A fairly good number of cases, strongly suspected of pulmonary TB are not confirmed bacteriologically. One reason for this may be related to the difficulties of obtaining adequate quantity of sputum specimen from TB suspects either due to dry cough or inadequate or scanty sputum (<2 ml) (Anderson et al., 1995). Thus sputum remains negative in about 25-50% of all cases of active pulmonary TB (Menzies, 2003). The aim of sputum induction is to collect adequate sample of secretions from the lower airways in subjects who do not produce sputum spontaneously. In view of this it is of utmost importance to find a best possible method to obtain secretions from the lower airways in subjects who do not produce sputum spontaneously for early diagnosis. The value of sputum induction and analysis is not restricted to the recognition of sputum eosinophilia but also may be used to direct novel anti-neutrophilic therapies. Thus, it is time for sputum induction to move from the research laboratory to the clinic (Gupta and Seema, 2005).
Materials and Methods
Study sample--Three groups, each consisting of 40 TB suspected patients.
Study period--One year.
Ethical committee clearance was taken before starting the study.

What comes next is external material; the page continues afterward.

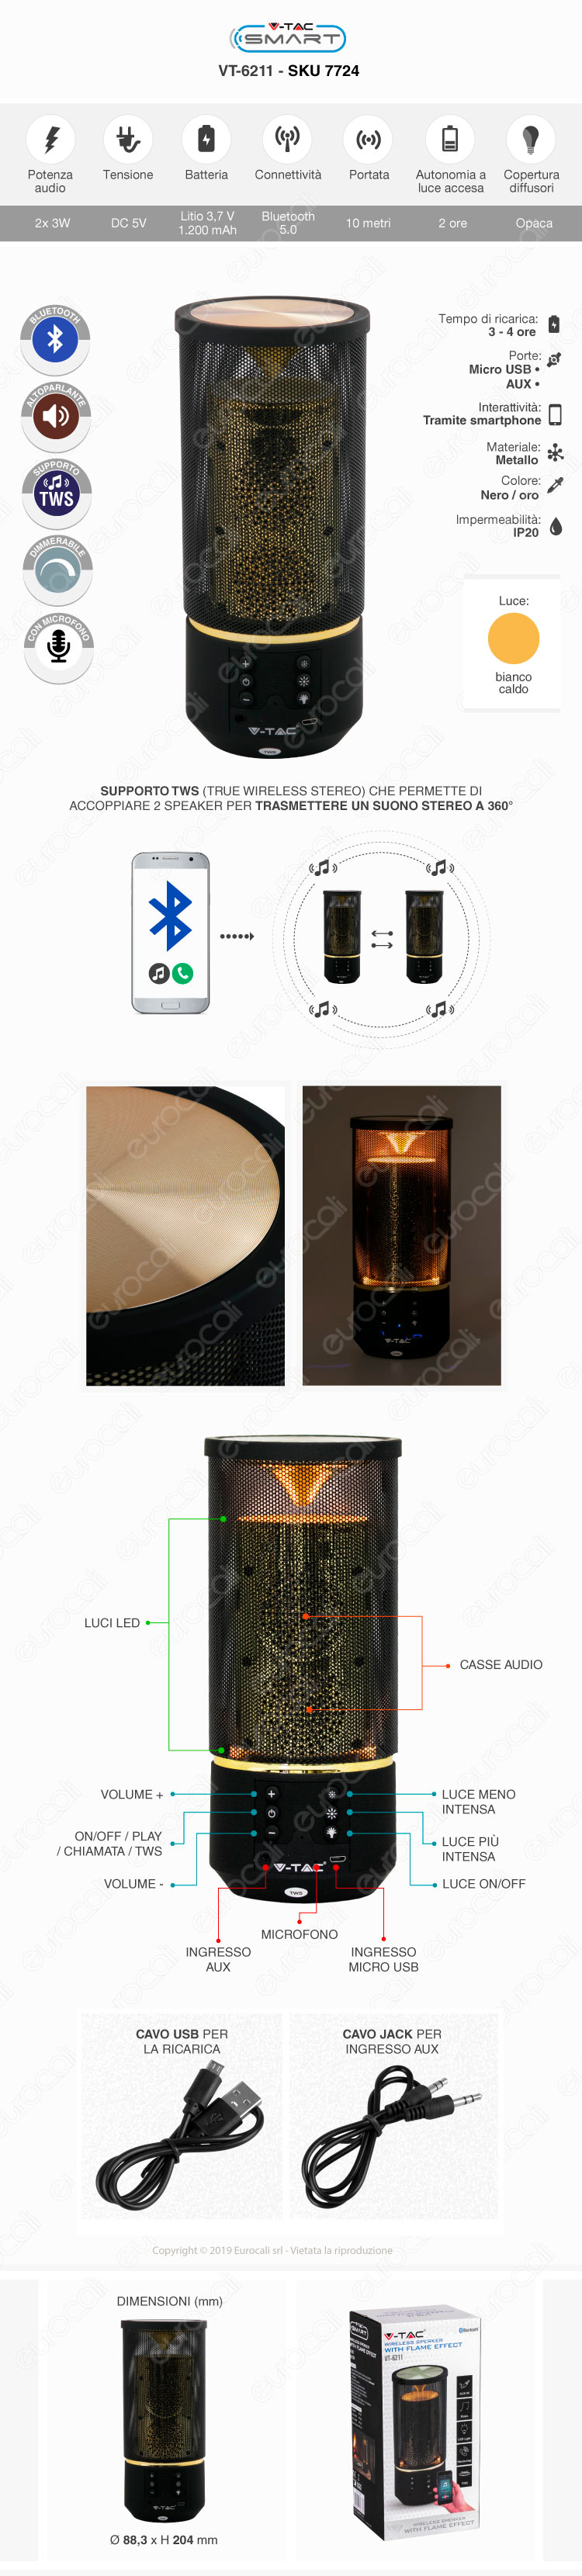 V-Tac VT-6211 Speaker Bluetooth Portatile 3W con LED RGB e Microfono Ingresso MicroSD AUX

Sputum induction was compared between nebulized levosalbutamol, 0.9% normal saline, and 3% hypertonic saline in chest symptomatics with dry cough or scanty sputum suspected of pulmonary TB. All the patients were randomly allotted into the three groups after meeting the inclusion criteria. After taking a detailed history and doing a clinical examination the patients were given levosalbutamol, normal saline, and hypertonic saline depending on group allotted to him/her. Each patient was given nebulization and spot samples followed by two samples on two consecutive days were collected. The nebulization was given by Pulmo-Aide compressor based nebulizer. The protocol for sputum induction was followed as used by Gupta and Seema (2005). The induced sputa were submitted for Ziehl-Neelsen (Z-N) staining as per RNTCP guidelines.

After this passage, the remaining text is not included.